Are you tired of playing - and watching - the same old sports? Can’t decide between a game of hockey or a few laps around the pool? If your interests vary from boxing to chess and soccer to gymnastics, check out a couple of lesser known, yet rather challenging sports from around the globe.
If you’re looking for a sport that challenges opponents’ intellect, as well as their fists, perhaps the sport you’re looking for is Chess Boxing. This sport proves that chess isn’t for wimps, nor is boxing a sport without brains. Competitors in this sport rely on their sharpened skills and strategies, using both mind and muscle, as matches alternating between the ring and the board reveal the most well rounded champion. The challenge starts with a round of chess, then a boxing match and repeats with a minute long break between each to allow opponents to take off their gloves and switch their mindset. There are six rounds of chess lasting four minutes each, and five bouts of boxing lasting three minutes each. Each player is given 12 minutes on the chess clock. The winner can be determined a number of ways: in chess rounds by checkmate or timing out, in the boxing rounds either by referee call or KO or in either boxing or chess by defeating the opponent. If the chess game finishes in a stalemate, whichever player leads in the boxing score wins. If the score is tied, the opponent with the black chess pieces becomes the winner by default.
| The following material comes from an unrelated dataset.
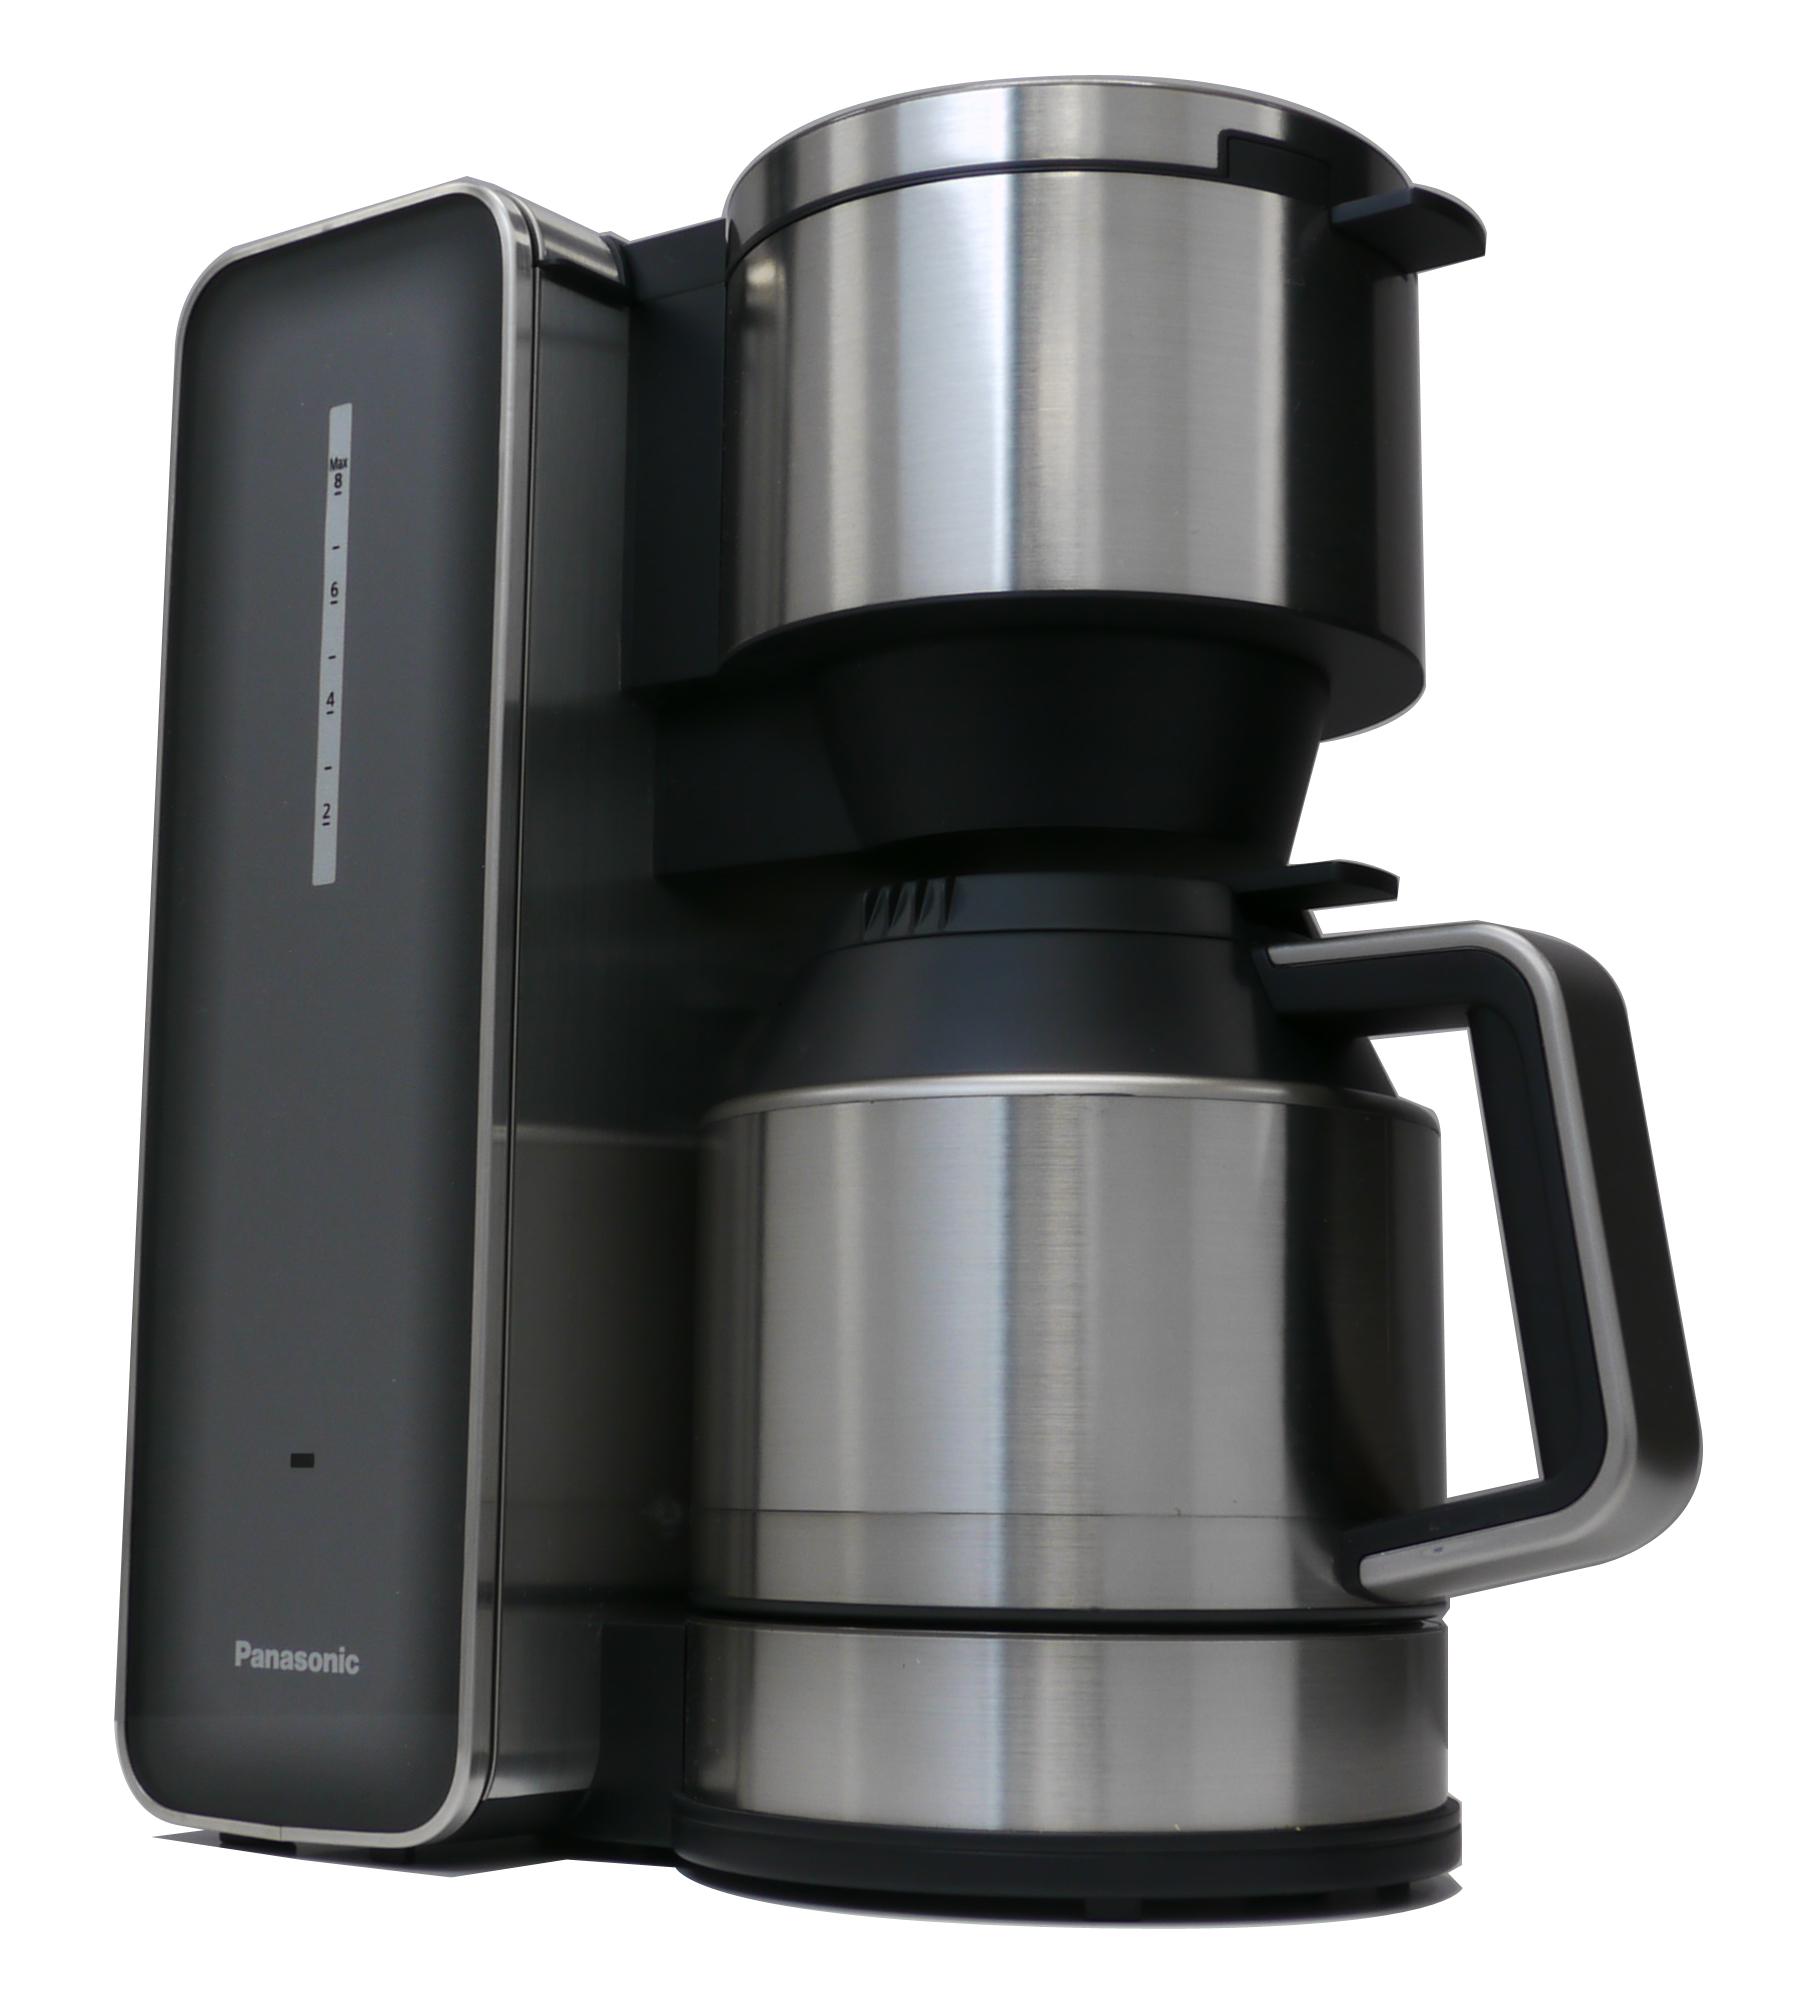 Panasonic NC ZF1 Filterkaffeemaschine mit Isolierkanne für 65,90€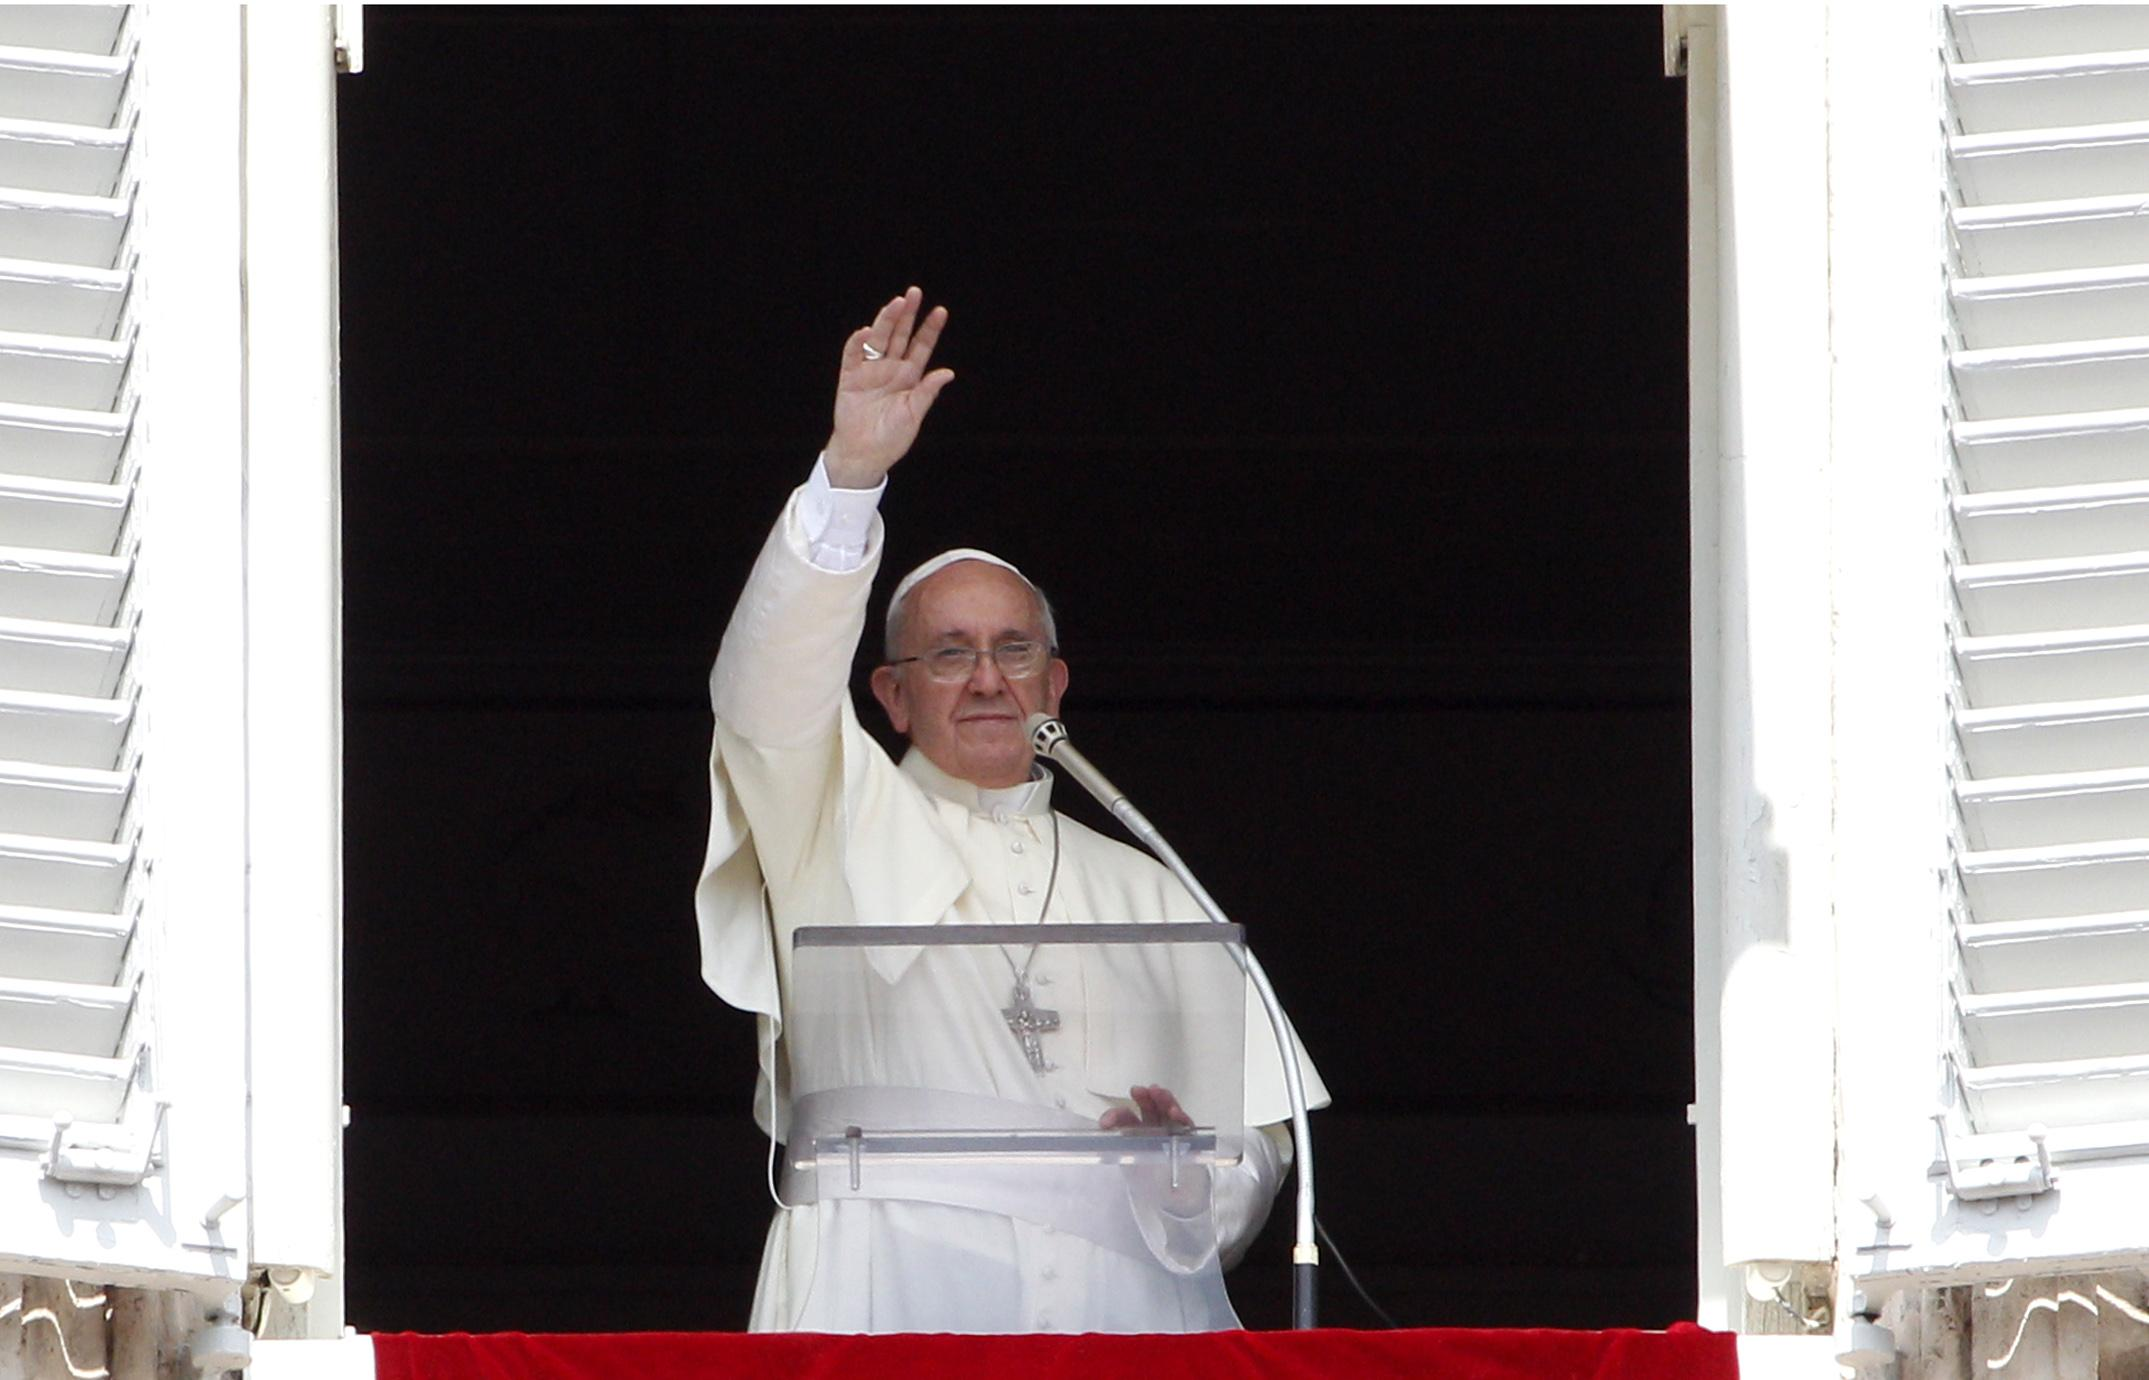 La fiesta de la sant sima trinidad es una fiesta para contemplar y alabar el misterio papa - Finestra del papa ...

It isn’t ice hockey. It isn’t floor hockey, and it’s not street hockey either - it’s underwater hockey! Officially called Octopush, a name that conjures the image of an under-the-sea entity with eight legs, the sport is similar in many respects to hockey - and different in many other ways as well. First, the “playing field” of choice is a swimming pool, and sticks are far shorter, often comparable in size to spatulas. Also, competitors have to swap hockey helmets for a water polo cap. Heavy pads are traded for goggles, a swimsuit, a snorkel and flippers. The object of the game remains the same: two teams vie to hit the puck and score on each other’s goal at the opposite end of the pool. Teams, which can be all-men, all-women or co-ed, consist of 10 players per team. Players are allowed in the pool six per side at a time; they switch off in a tag team fashion rather rapidly. The nature of the game is exciting and fast-paced, which has led to its spread as a worldwide sport. The real challenge of Octopush is timing your dives to the bottom where the game is played. Opponents still “tackle” each other, just underwater while holding their breath. Clubs have cropped up around the world, but the game is most popular in England where it was invented more than 50 years ago.
Are you a fan of volleyball, gymnastics and soccer? How about Capoeira, a mix of music, martial arts and dance? If so, you’ll love Bossaball! Bossaball is a sport that takes elements from volleyball and soccer, as well as martial arts and dance moves, puts them all together and throws in a lot of “bounce” for good measure. Bossaball is a sensational sport that is as thrilling to watch as it is to play. It is played on a most unique surface - the entire court is a large-scale inflatable. Far from your average “bouncy castle,” the court is specially designed with a net in the center and a trampoline on either side. On this unusual surface, players on two teams of three to five players each are free to safely hone and show off some unbelievable skills as they pass a ball back and forth. The court is versatile and can be set up easily nearly anywhere inside or out. The sport has traveled and been played at events around the world with international headquarters for Bossaball Sports SL in Spain and the Netherlands.
Seek out a new sport, something different.